Figure 2A depicts the survival rates of mice in the MC and Model groups on dpi14, with all animals in the NC and Model groups surviving, while one mouse in the MC group died on dpi8, dpi12, and dpi13, respectively, for a final survival rate of 75%. The analysis of daily body weight changes in all the surviving mice (Figure 2B) revealed that the body weight of the NC group mice progressively increased, but the body weight of the MC and Model group animals rapidly decreased in the first 7 days and subsequently slowly increased. A comparison of average body weight across the three groups revealed substantial differences between the MC and Model groups relative to the NC group (**** p < 0.0001), but no significant difference between the MC and Model groups (p = 0.8538).
Two-way ANOVA was used to compare the daily body weights of MC and Model group mice to those of NC group mice, and the results showed that the body weight difference between MC and NC group mice became more significant from dpi6 to dpi9, whereas no statistical difference was found when Model group mice were compared to NC group mice.
In Figure 2C, the MC group mice lost the most weight compared to the NC group (**** p < 0.0001). The Model group also lost weight compared to the NC group, but the difference was less significant (* p < 0.05). In terms of initial weight reduction percentages (Figure 2D), dpi6 to dpi9 were the four time points with the largest weight loss in the MC group.

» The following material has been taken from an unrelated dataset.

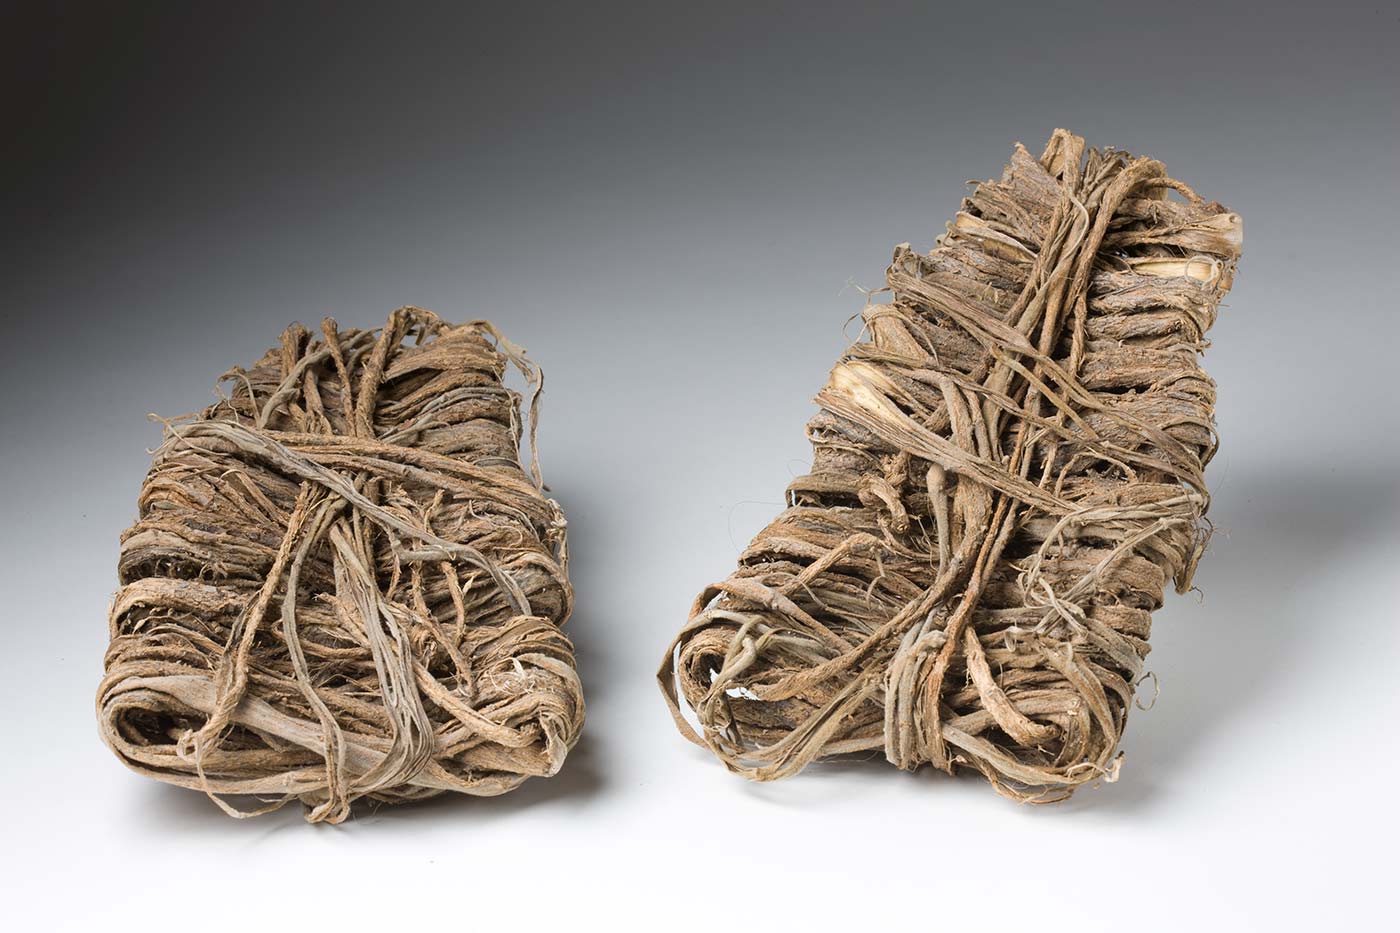 A pair of sandals made of plant fibre. They have a trapezoid shape and are made from strips of bark wrapped around and layered on top of each other. - click to view larger image

3.3. Pneumonia Convalescence Phase of Mice

Figure 3A shows that the MC group had a significantly higher pulmonary index than the NC group (**** p < 0.0001) and the Model group (* p < 0.05). However, there were no significant variations in IAV NP expression levels between the three groups (Figure 3B), and they were low, indicating negative viral expression.
Regarding cytokine expression levels (Figure 3C–F), the Model group expressed considerably more IL-10 than the NC and MC groups. The MC group had the highest expression of the inflammatory cytokines TNF-α and IL-6 when compared to the other two groups, while this decreased in the Model group compared with the MC Group.
The photograph of the mouse lung tissue results (Figure 3H) showed that the lung tissue from the NC group mice appeared pink, with a smooth and shining surface, soft texture, intact lobes, and no visible nodules or masses. The lung tissue from the MC group was grayish-white in color, hard and full in texture, and brilliant red in the center. The Model group showed mild tissue atrophy and pulmonary edema.
The H&E results for the lung tissue (Figure 3I) revealed that the NC group mice had clear and intact alveolar structures with alveolar walls, no edema, and no neutrophil or macrophage infiltration. The MC group had fused alveolar septa, thickened alveolar walls, compensatory dilatation of some alveolar gaps, and high macrophage infiltration in the alveolar interstitium. The Model group had partially destroyed alveolar walls that fused with neighboring alveolar walls, limited neutrophil and macrophage infiltration, no substantial exudate, and largely intact lung tissue structure.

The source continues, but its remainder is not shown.